Serological markers can also aid in identifying ABG for example increased levels of fasting gastrin and decreased levels of pepsinogen I suggest the presence of mucosal damage.
Intrinsic factor deficiency can be evaluated by the Shilling test, which is now being replaced by other diagnostic strategies such as the detection of intrinsic factor antibodies. Antibodies to intrinsic factor can be of two types: The blocking type, against the B12 binding site present in 70% of patients and antibodies to parietal cells present in 90% of patients, but it is less specific.
Alternative and new approaches to the diagnosis of PA are under evaluation. One of these is the Cobasorb test, which has its basis in the measurement of the change in holoTC following oral ingestion of non-radiolabeled cobalamin. Another approach has been described using accelerator mass spectrometry to quantify 14C in the blood following an orally administered dose of [14C]-cyanocobalamin.[11]
One may empirically administer vitamin B12 intramuscularly and assess the response if cobalamin deficiency is suspected. Most patients will feel clinically better within 24 hours. In addition, marked reticulocytosis will appear within 5-7 days.

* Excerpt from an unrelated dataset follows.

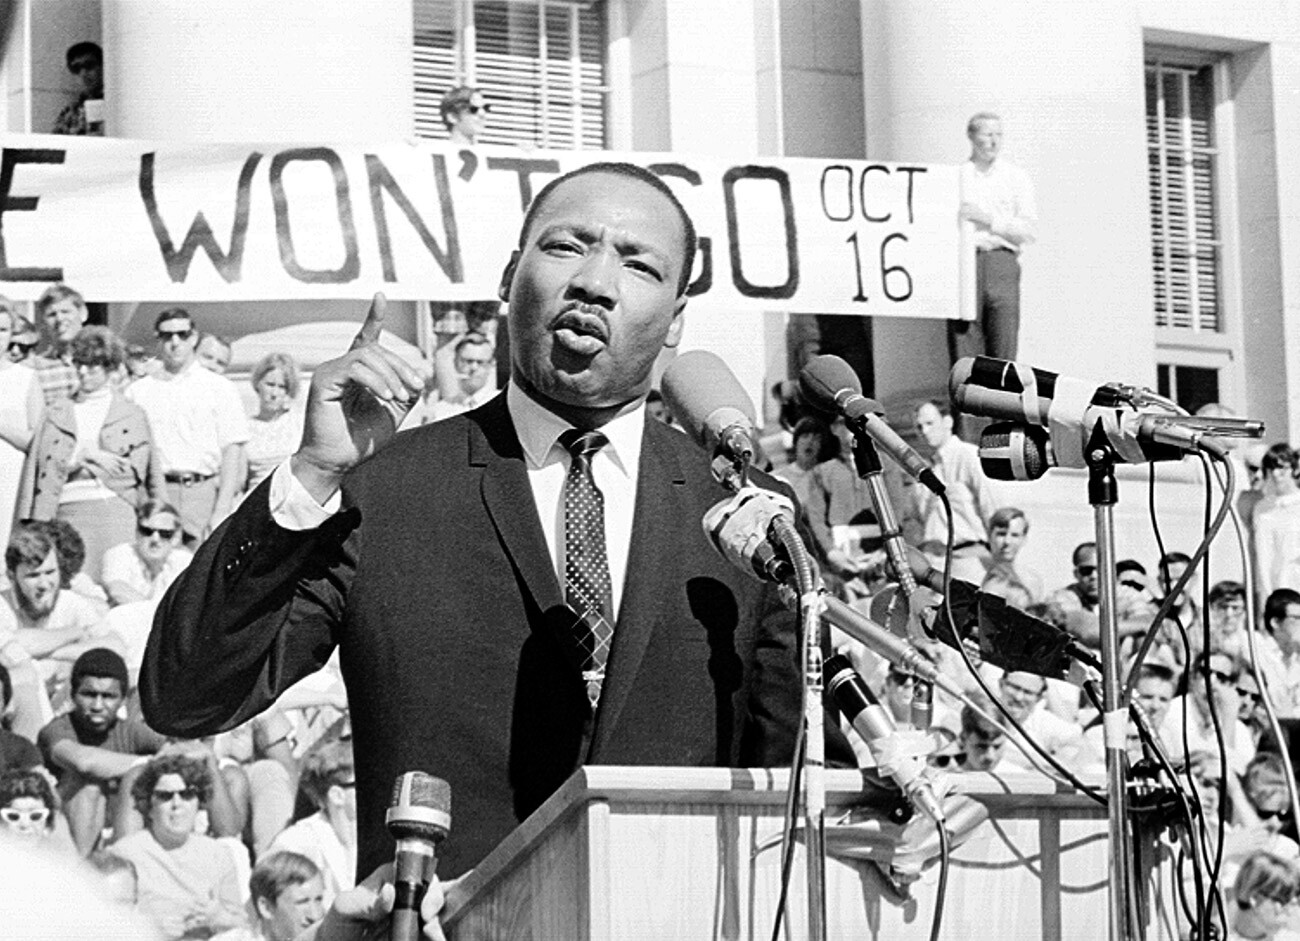 Pendeta Martin Luther King, Jr., pemimpin hak-hak sipil Amerika, menyampaikan pidato di hadapan sekitar 7.000 orang pada 17 Mei 1967 di Sproul Plaza Universitas California, di Berkeley, California.
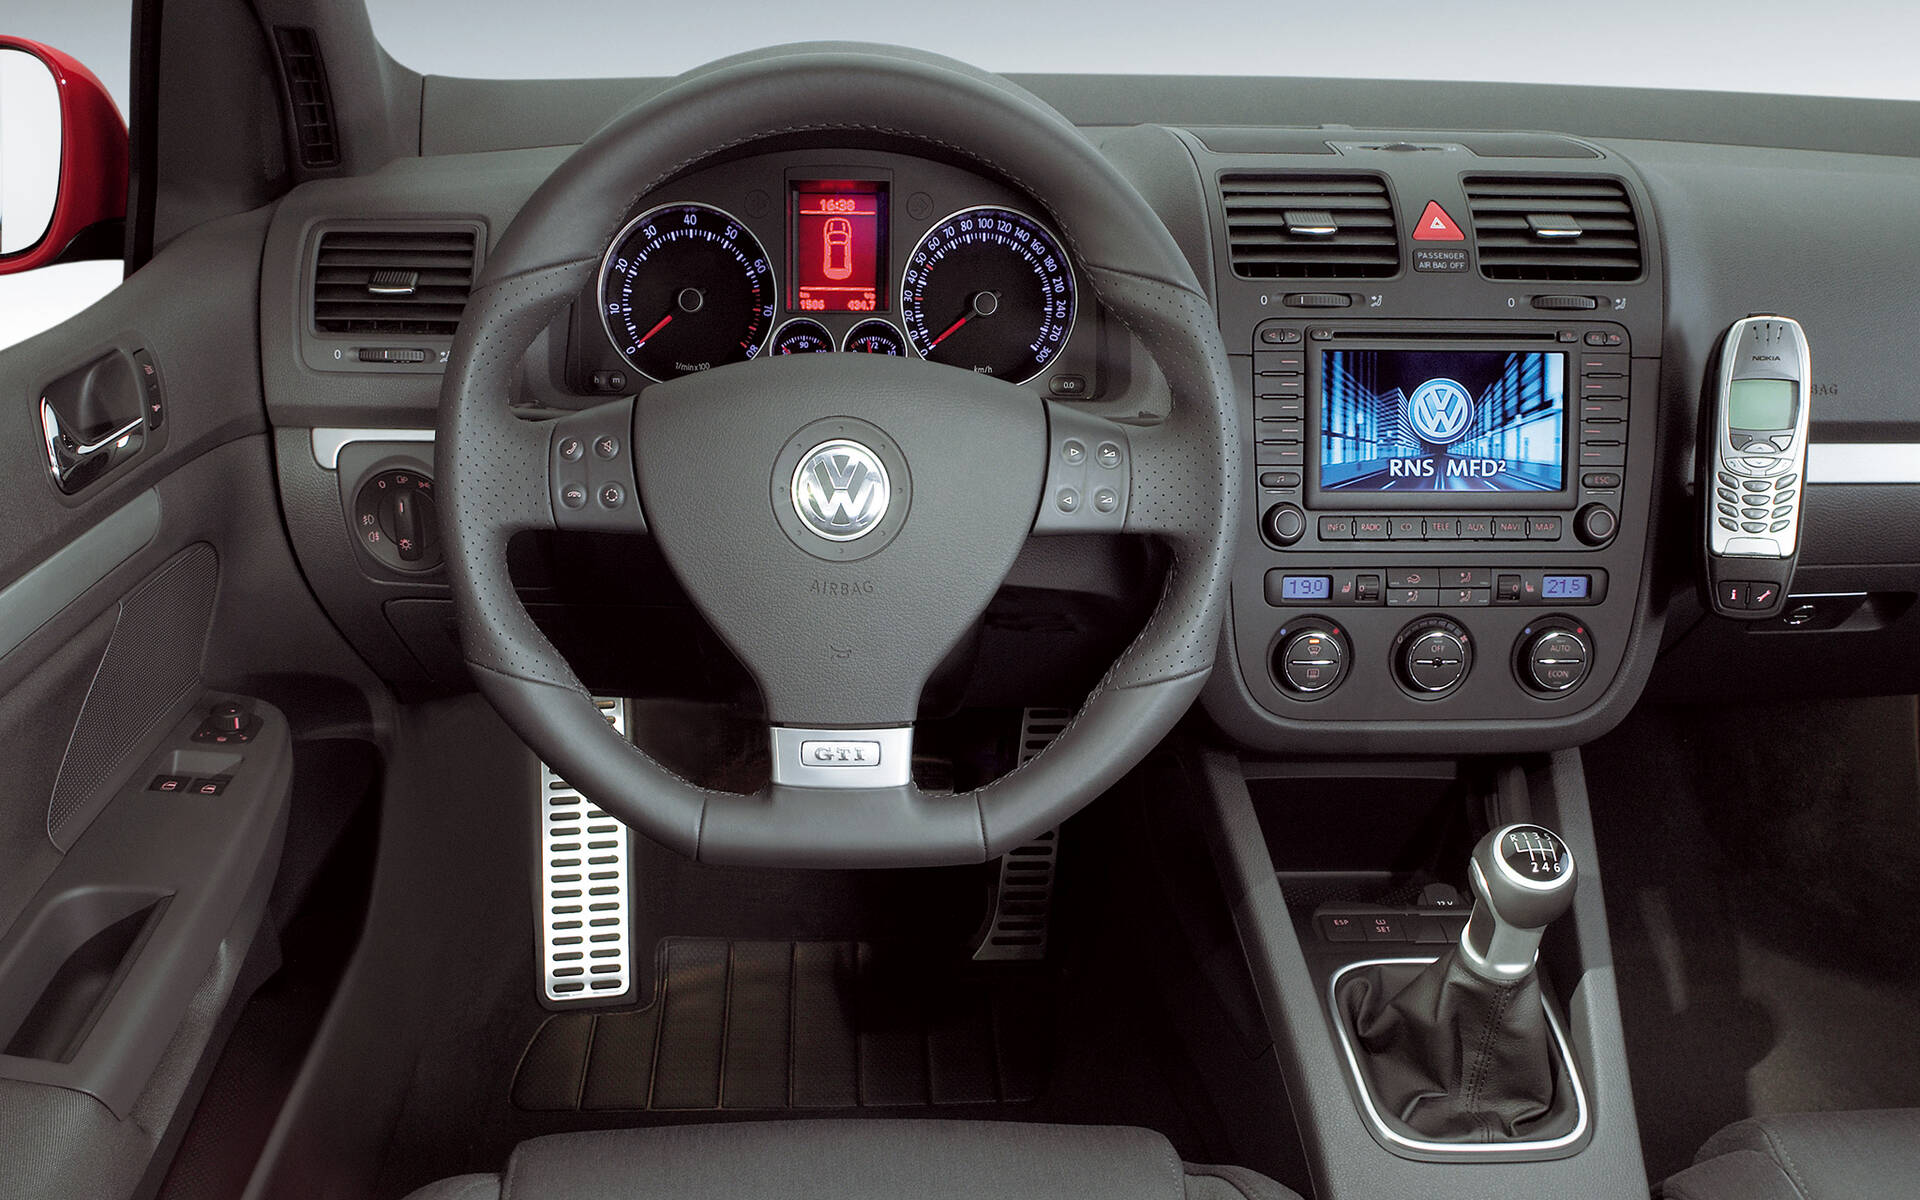 La Volkswagen Golf GTI d’hier à aujourd’hui 504510-la-volkswagen-golf-gti-d-hier-a-aujourd-hui

It is important to know that falsely low levels of cobalamin may occur in the following situations:
Treatment:
Patients generally receive an intramuscular injection of 1000 mcg B12 every day or every other day during the first week of treatment. The next month, they receive injections every week, subsequently followed by monthly injections.
The alternative to intramuscular injection B12 is high-dose oral B12. A 1000 to 2000 mcg/day has been demonstrated to be effective, although recommendations are to always use the parenteral route in severe neurological manifestations.
Approved sublingual and intranasal formulations of B12 are also available.[1][12]
Oral dosage is recommended for patients unable to take IM injections but levels of cobalamin must be measured frequently to ensure absorption. Finally, oral therapy is not recommended for patients with CNS symptoms.
Monitoring:
The earliest sign of treatment response is an increase in reticulocyte count, usually within three days of treatment. Following changes in the decrease of biochemical markers such as MMA and plasma homocysteine levels have been observed in the first five days of treatment.
Sustained normalization of serum cobalamin usually occurs following two weeks of therapy.[13]
The macrocytosis correction takes place during the first month of treatment.
A clinical interview should be considered every year, to attest the commencement of new symptoms.
These may include epigastric pain, dysphagia, iron-deficiency, and/or others that can require gastroscopic investigation.
The key management principle is the importance of routine follow-up.
Patients with underlying causes like chronic pancreatitis, bacterial overgrowth or tapeworm will require additional treatments.
Blood transfusions are not required in most patients. With treatment, the symptoms of heart failure resolve but some patients may require concomitant diuretic therapy.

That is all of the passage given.